Optimism on growth

February 28, 2015 12:37 am | Updated November 28, 2021 11:38 am IST

Chief Economic Adviser Arvind Subramanian’s first Economic Survey is notable for three main reasons. First, the overall sense of optimism that it exudes — and justifiably so — on the economy and its prospects in the medium term. Second, the emphasis on fiscal discipline, quality of expenditure and public investment, mainly in the Railways, to give a boost to the economy. And finally, the thrust on Prime Minister Narendra Modi’s pet schemes of Jan Dhan Yojana and Direct Benefit Transfers as means of eliminating leakages in the subsidy mechanism and ensuring that subsidies reach those who deserve it. Alongside, Mr. Subramanian has also raised a question mark over the new data series on GDP growth announced a couple of weeks ago, pointing out that India is not a ‘tiger economy’ yet as the data would have us believe.
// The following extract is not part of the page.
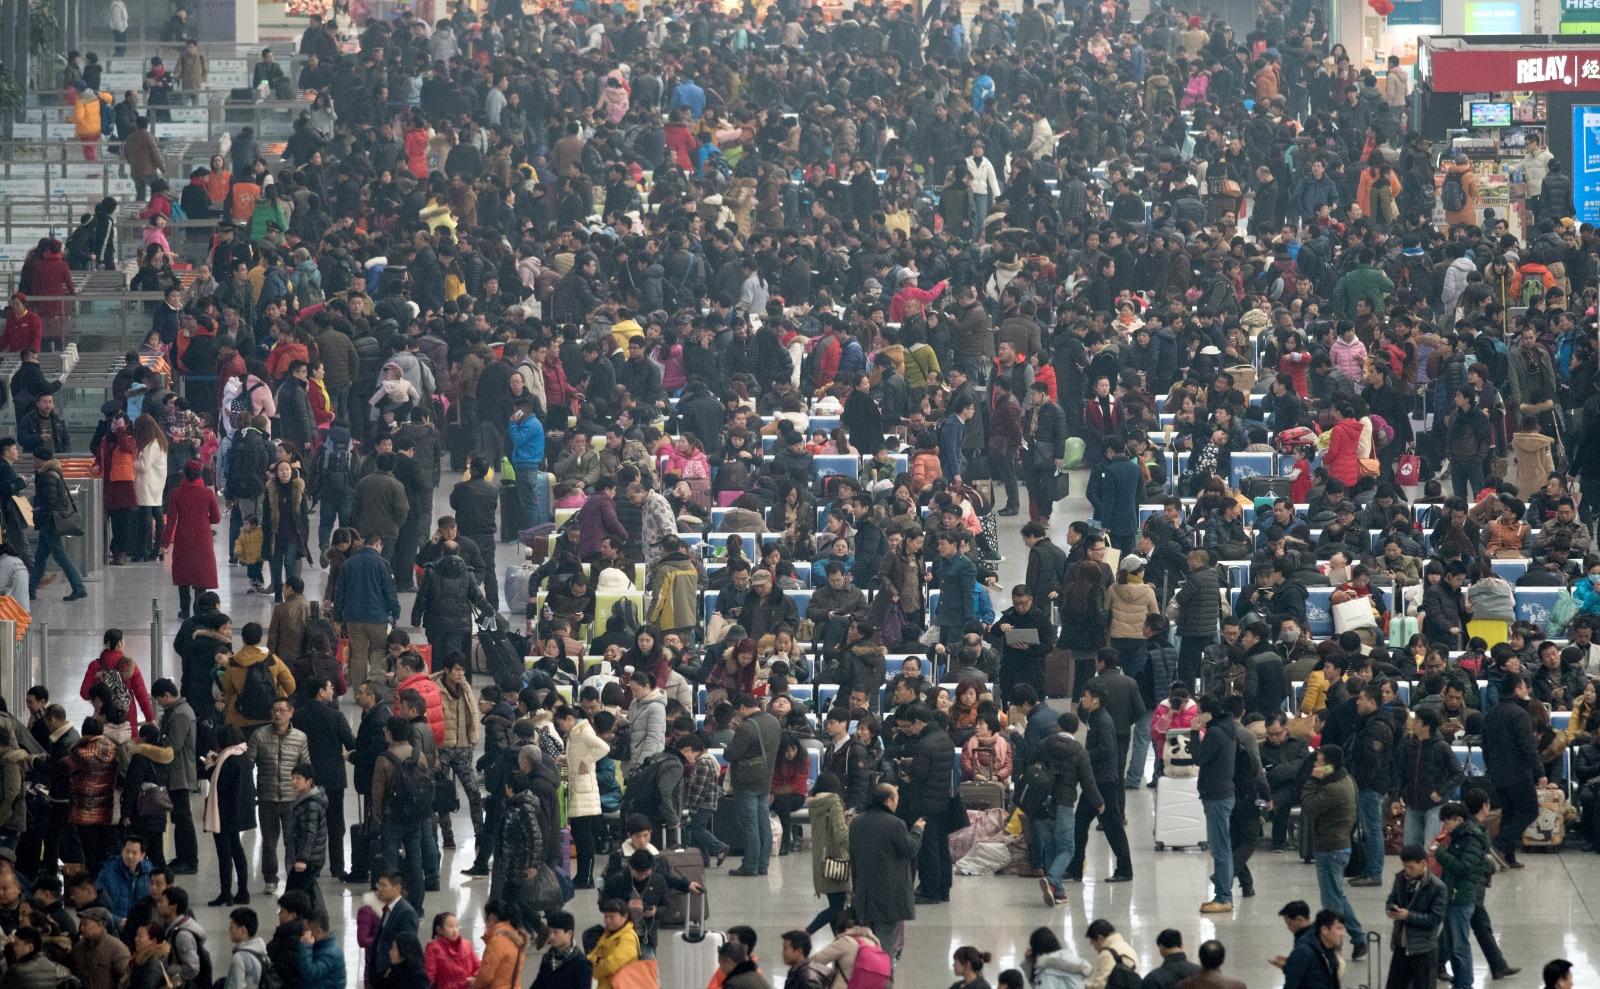 Chinese New Year Chunyun The Largest Annual Human

India’s is a recovering economy rather than a surging one, the Survey says, pointing out that the numbers seem difficult to reconcile with other developments in the economy. Other major economic data such as on industrial output and trade and agriculture, coupled with anecdotal evidence, point to an economy that is on the mend gradually and not to one that is galloping away on growth. That said, there is little reason to question the Survey’s conclusion that India is now in a sweet spot thanks to a government that has a mandate for reform and a benign external environment that has had a favourable impact on the current account deficit (CAD) and inflation. Indeed, if India does achieve the projected CAD of 1 per cent in 2015-16, that would be in large part due to the falling commodity prices, particularly of crude oil.

The Survey’s projection of a 8.1-8.5 per cent GDP growth in 2015-16 is credible given the present economic environment, though the bets would be more on the lower end of the band. Mr. Subramanian has reiterated his advocacy for public investment to act as a booster dose. And, interestingly, he has picked on the Railways as the “growth locomotive”, arguing that reversing the cycle of underinvestment in the Railways can do wonders to the economy. This ties in with this week’s Railway budget and its emphasis on long-term investment; in fact, it is tempting to conclude that the increase in gross budgetary support to the Railways by a third to about Rs.40,000 crore is evidence of this policy in action. Railways could be to the Narendra Modi government what roads were to the Vajpayee administration. The Survey has clear advice for Finance Minister Arun Jaitley: control expenditure through subsidy reduction, improve the quality of expenditure by spending more on investment and less on consumption and borrowing only for investment. Will Mr. Jaitley act on this in his Budget today?